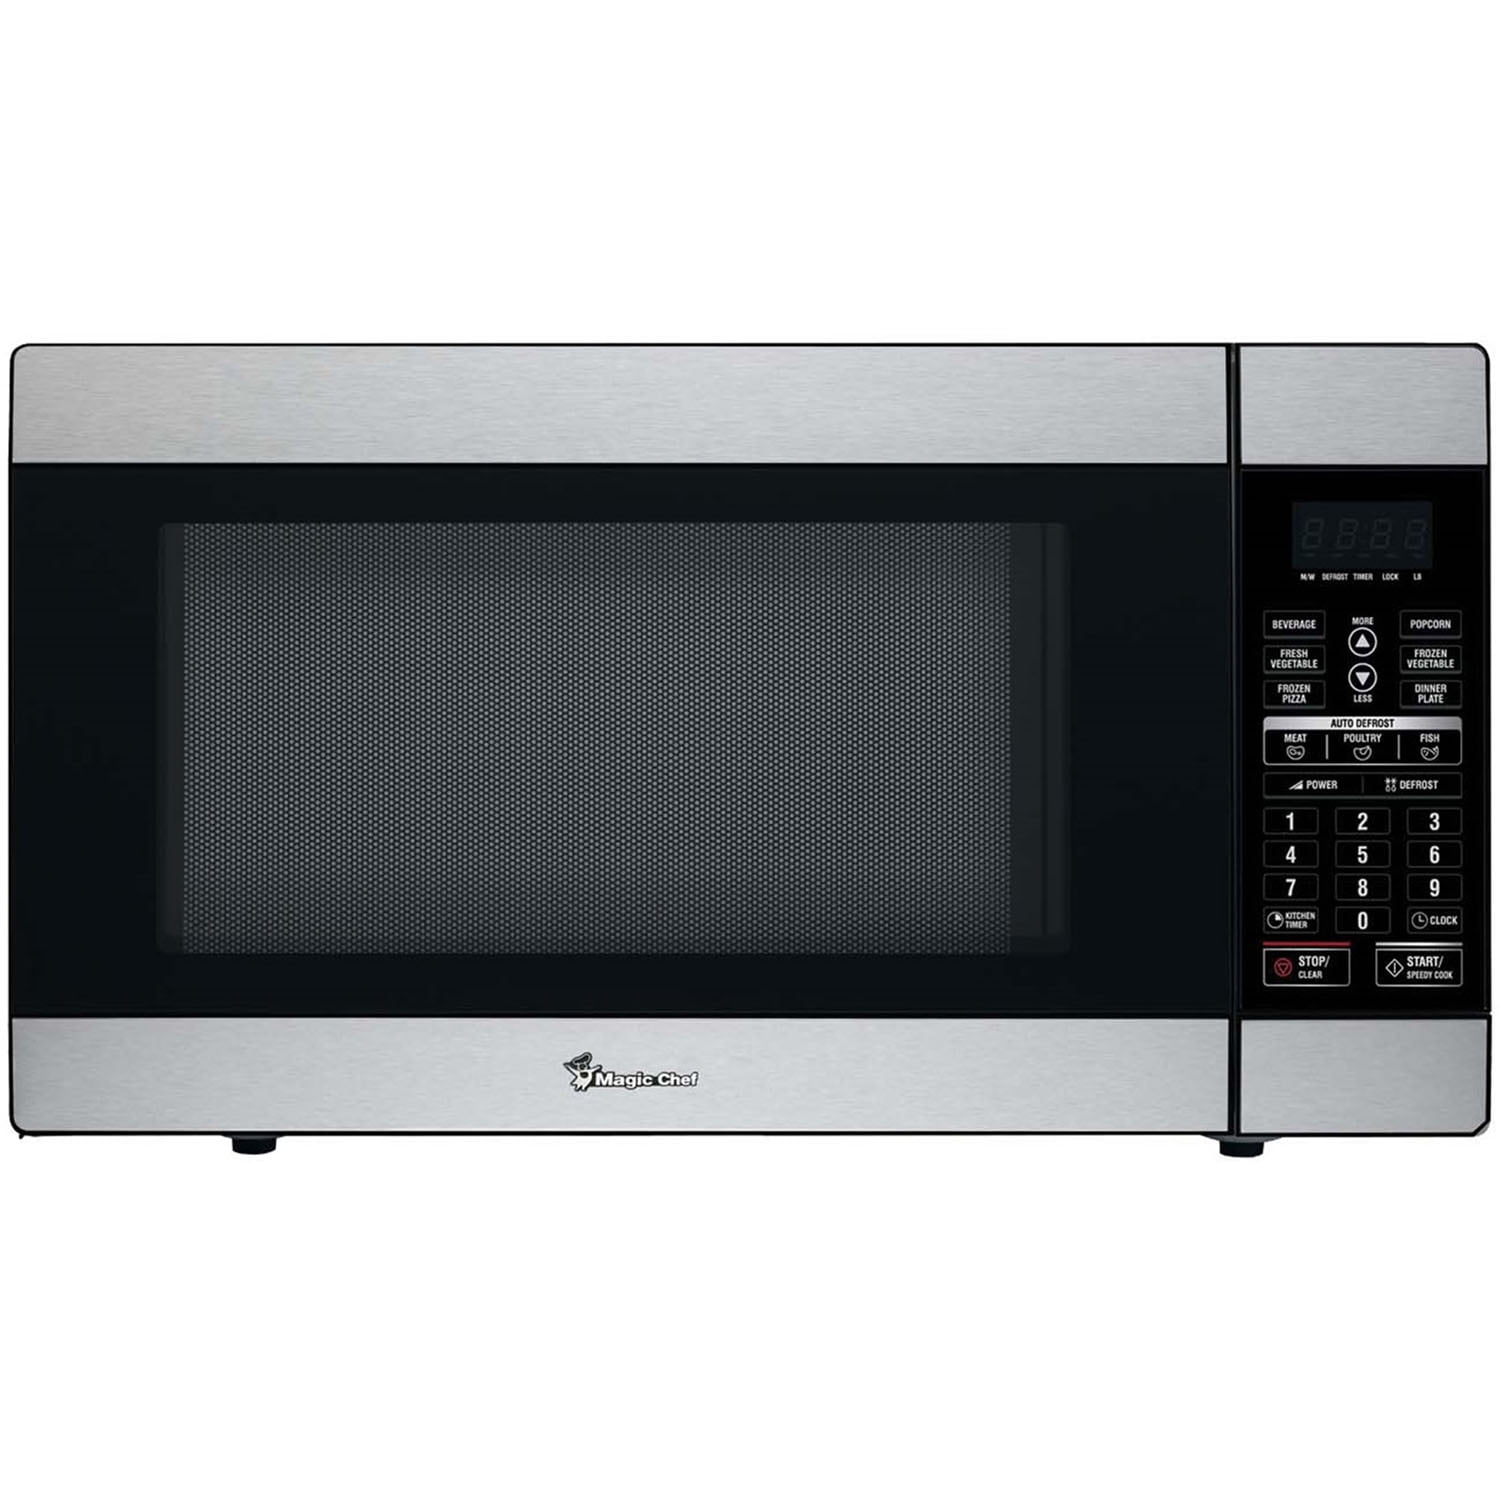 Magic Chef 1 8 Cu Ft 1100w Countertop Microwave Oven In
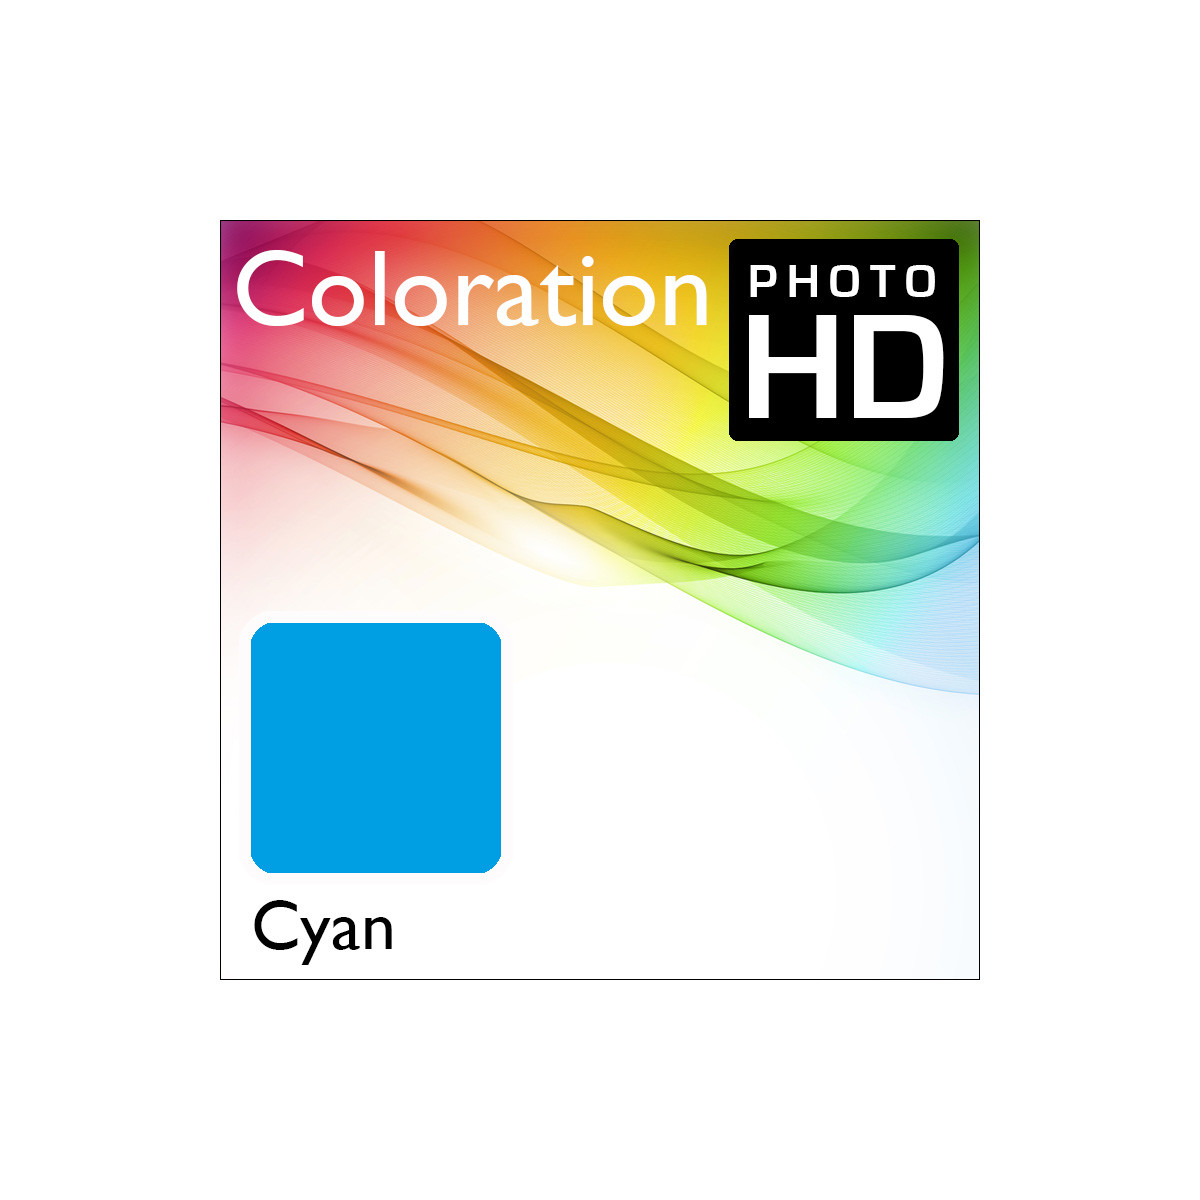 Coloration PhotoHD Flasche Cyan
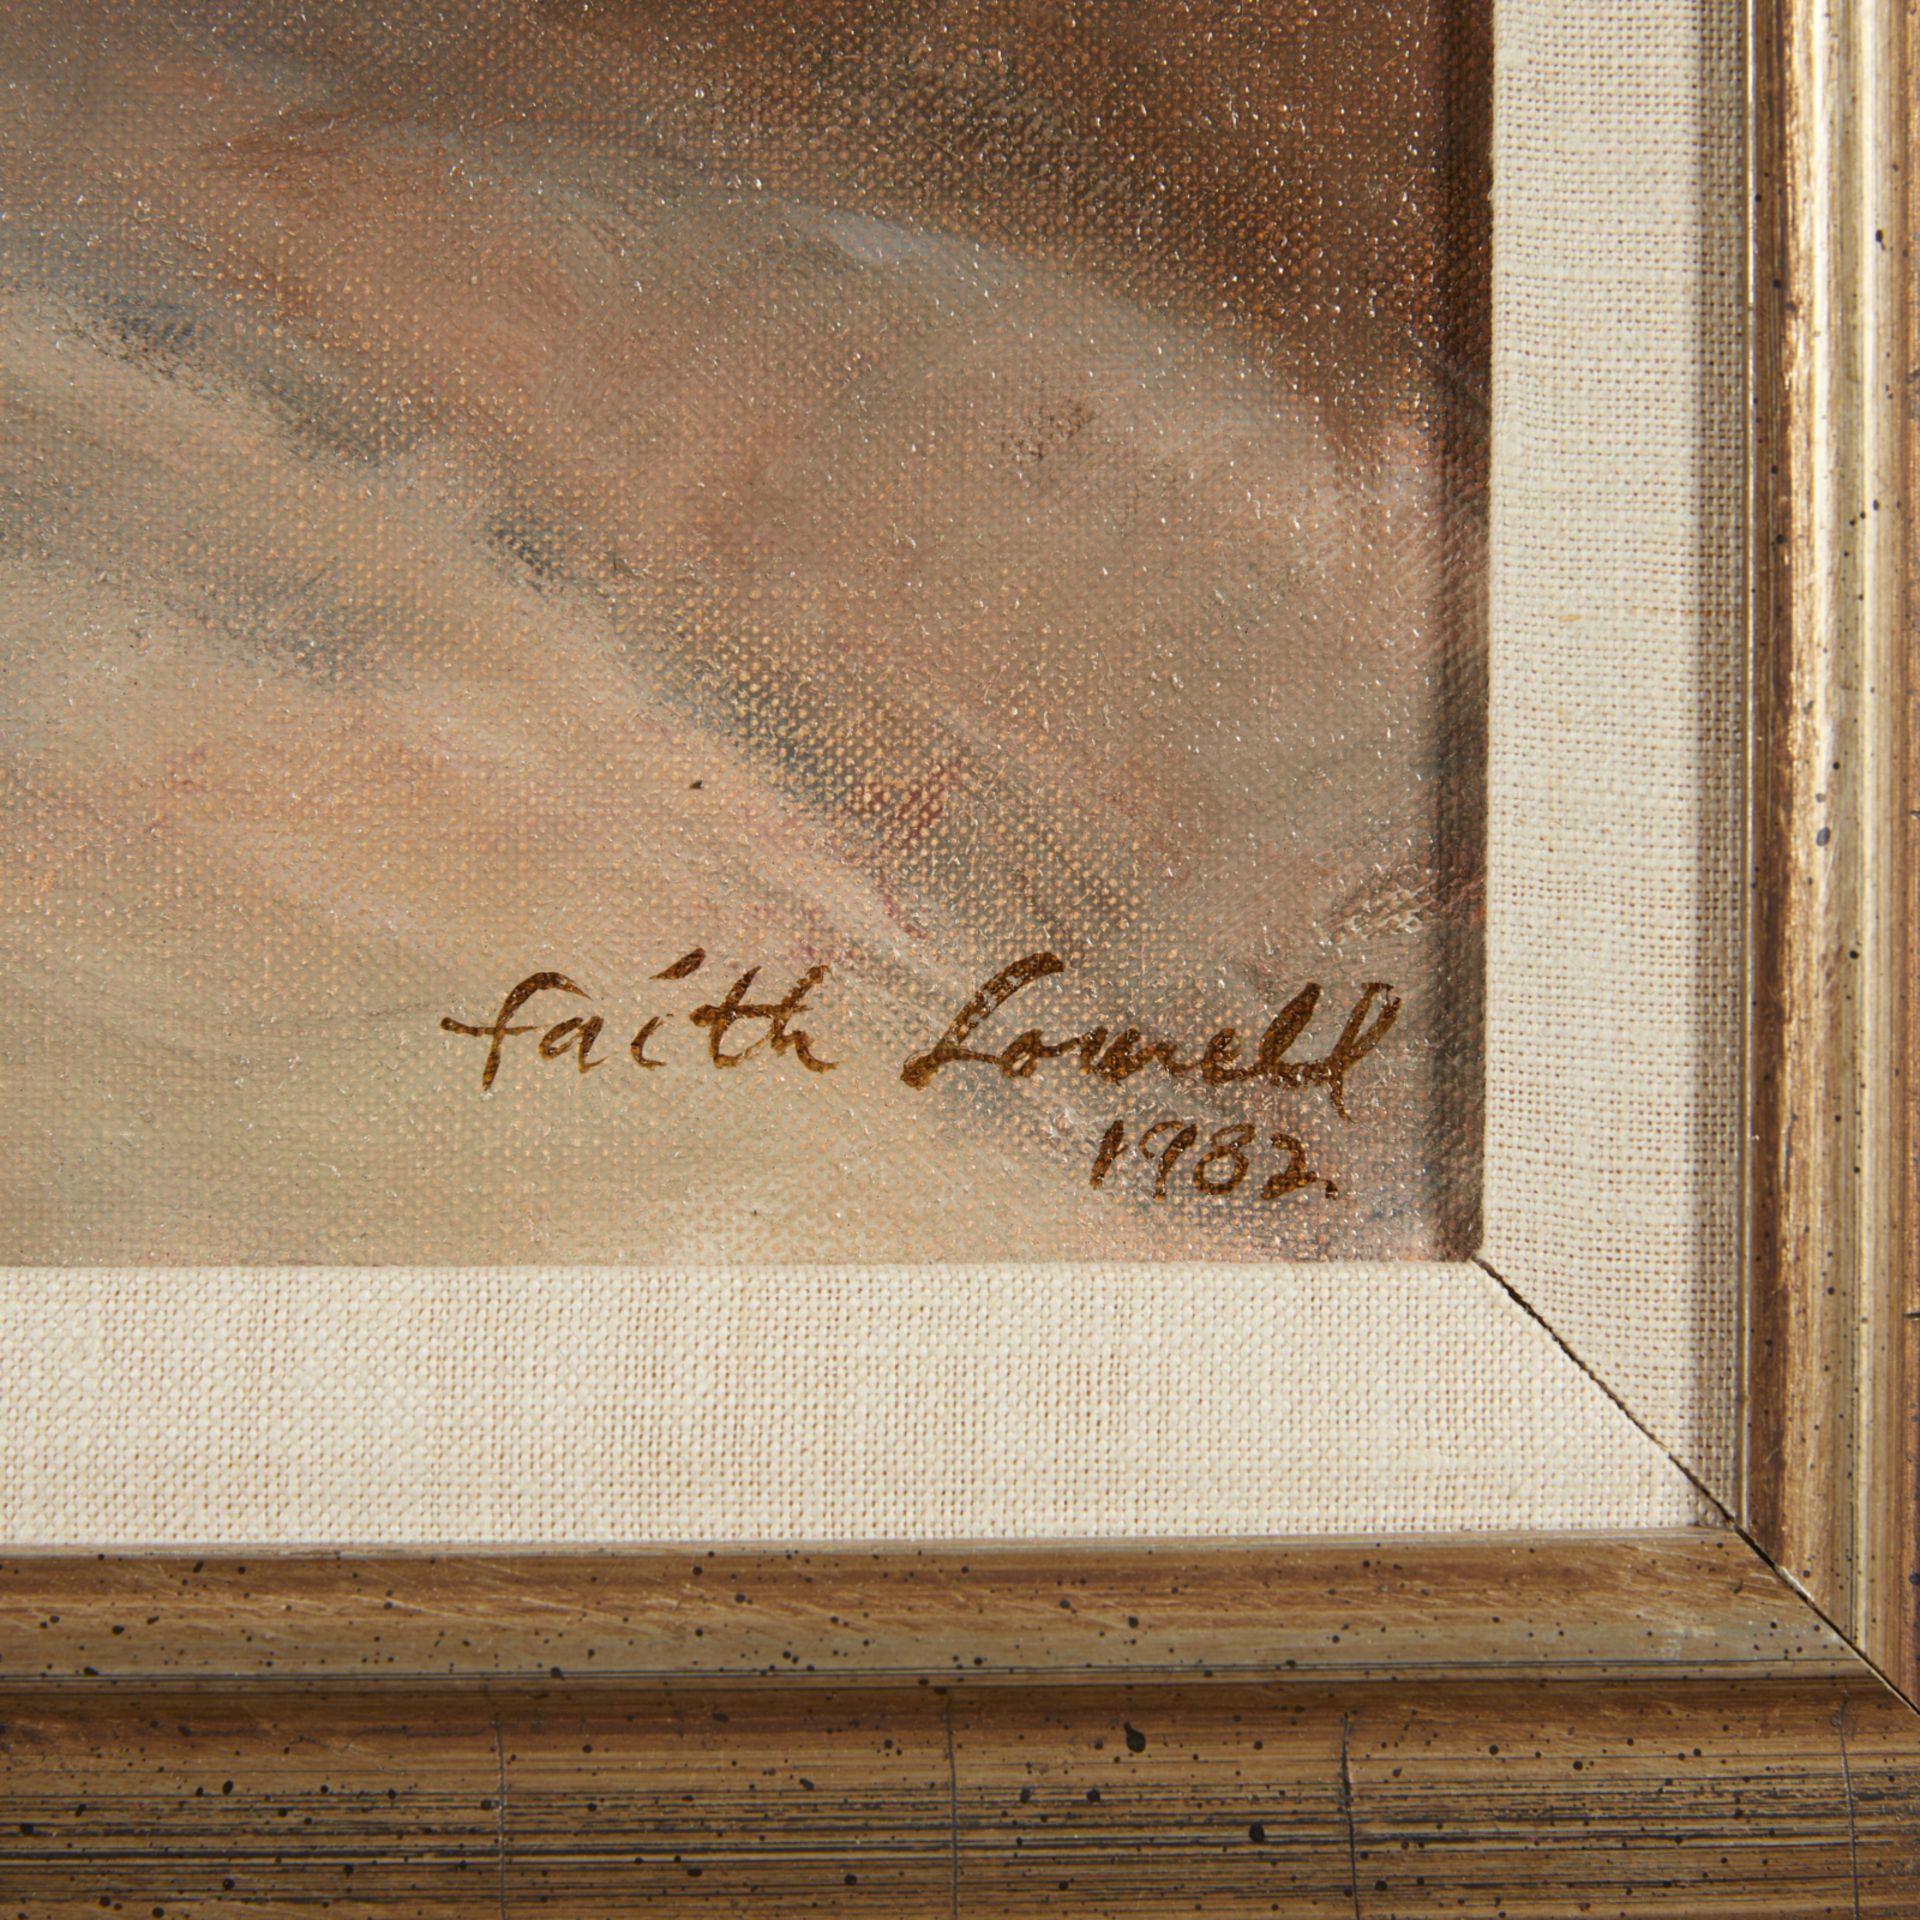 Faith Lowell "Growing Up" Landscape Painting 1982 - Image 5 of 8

* EXERCISE DESCRIPTION:
Any picture found in the data is to be skipped while the rest is copied exactly.

* PROBLEM SOLUTION:
 Magic Chef 1 8 Cu Ft 1100w Countertop Microwave Oven In
 Coloration PhotoHD Flasche Cyan
 Faith Lowell "Growing Up" Landscape Painting 1982 - Image 5 of 8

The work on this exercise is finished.